California lawmakers attempt to increase oversight and restrictions on the detention of immigrants
California took another major step this week to protect immigrants, preventing detention centers from adding more beds and pledging to spend $1 million to make sure people have proper access to food, medical care and lawyers.
Atty. Gen. Xavier Becerra announced that he would use the resources to launch a formal review to ensure all immigrants civilly detained in California are treated humanely and that their rights are respected.
“California will stand up even if some other parts of the country won’t,” said Becerra, who spoke at a San Francisco news conference Friday with lawmakers and immigrant advocates. “We have a right — in fact, we have an obligation — to make sure the people are afforded the treatment and respect that any of us would expect under the law.”
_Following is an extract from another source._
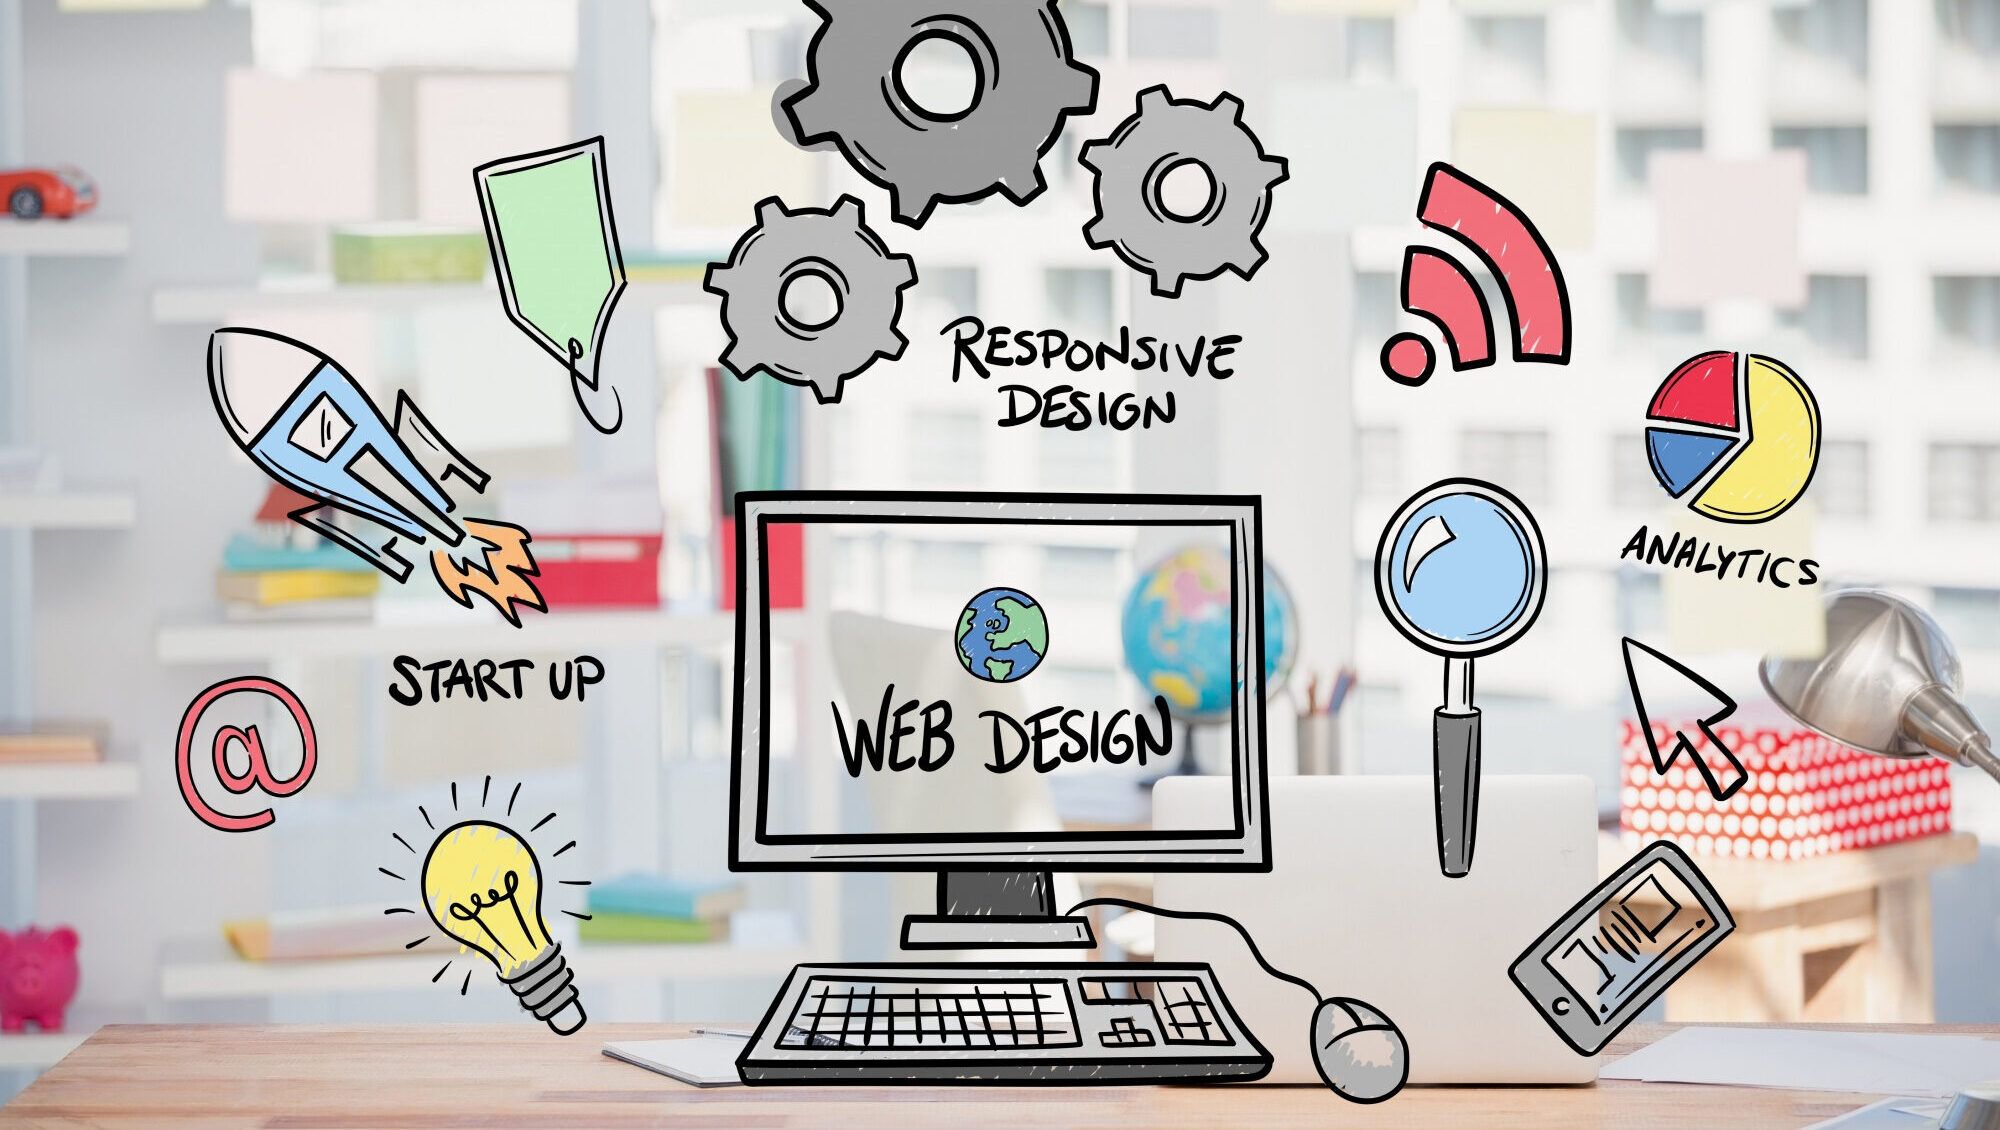 Come migliorare la conversione dei visitatori in clienti attraverso il web design?

The measure, folded into the new state budget approved Thursday, would require the California Department of Justice to audit each facility annually and report its findings to Gov. Jerry Brown and the Legislature by March 2019, with reviews until 2027. It is part of a wider effort by Democratic lawmakers to push back against the Trump administration and its pledge to increase deportations of those in the country illegally.
California has nine immigration detention facilities operated through contracts with cities, counties and the state. Some are run by private companies. Only one — the Otay Mesa Detention Center near the border with Mexico — is a private facility and houses about 3,800 detainees, according to U.S. Immigration and Customs Enforcement.
State Sen. Ricardo Lara (D-Bell Gardens) helped craft the state budget-related measure, which specifically places a temporary ban on local governments and law enforcement agencies from entering into, renewing or modifying a contract with the federal government to expand the number of beds used for people detained in civil immigration proceedings.
It dovetails with another bill by Lara that seeks to ensure detention centers in California meet national standards and would ban cities from contracting with private companies to detain immigrants on behalf of federal authorities. That proposal remains under discussion by the Legislature.
“We can’t fully stop what is going to happen at the federal level,” Lara said. “But at the very minimum, whether you are for immigration or not, we have to make sure there is proper oversight.”
ICE would not comment on the pending proposal or legislation. But an agency official said placing limitations on its detention options in California would mean ICE would have to transfer detainees to facilities outside the state, farther from family, friends and legal representatives.
A state Senate budget subcommittee first debated the proposal in May. It followed a report from the Department of Homeland Security’s Office of Inspector General, which found hundreds of immigrant detainees housed in Orange County’s largest detention facility were served spoiled food, given mold-covered shower facilities and offered phones that didn’t work.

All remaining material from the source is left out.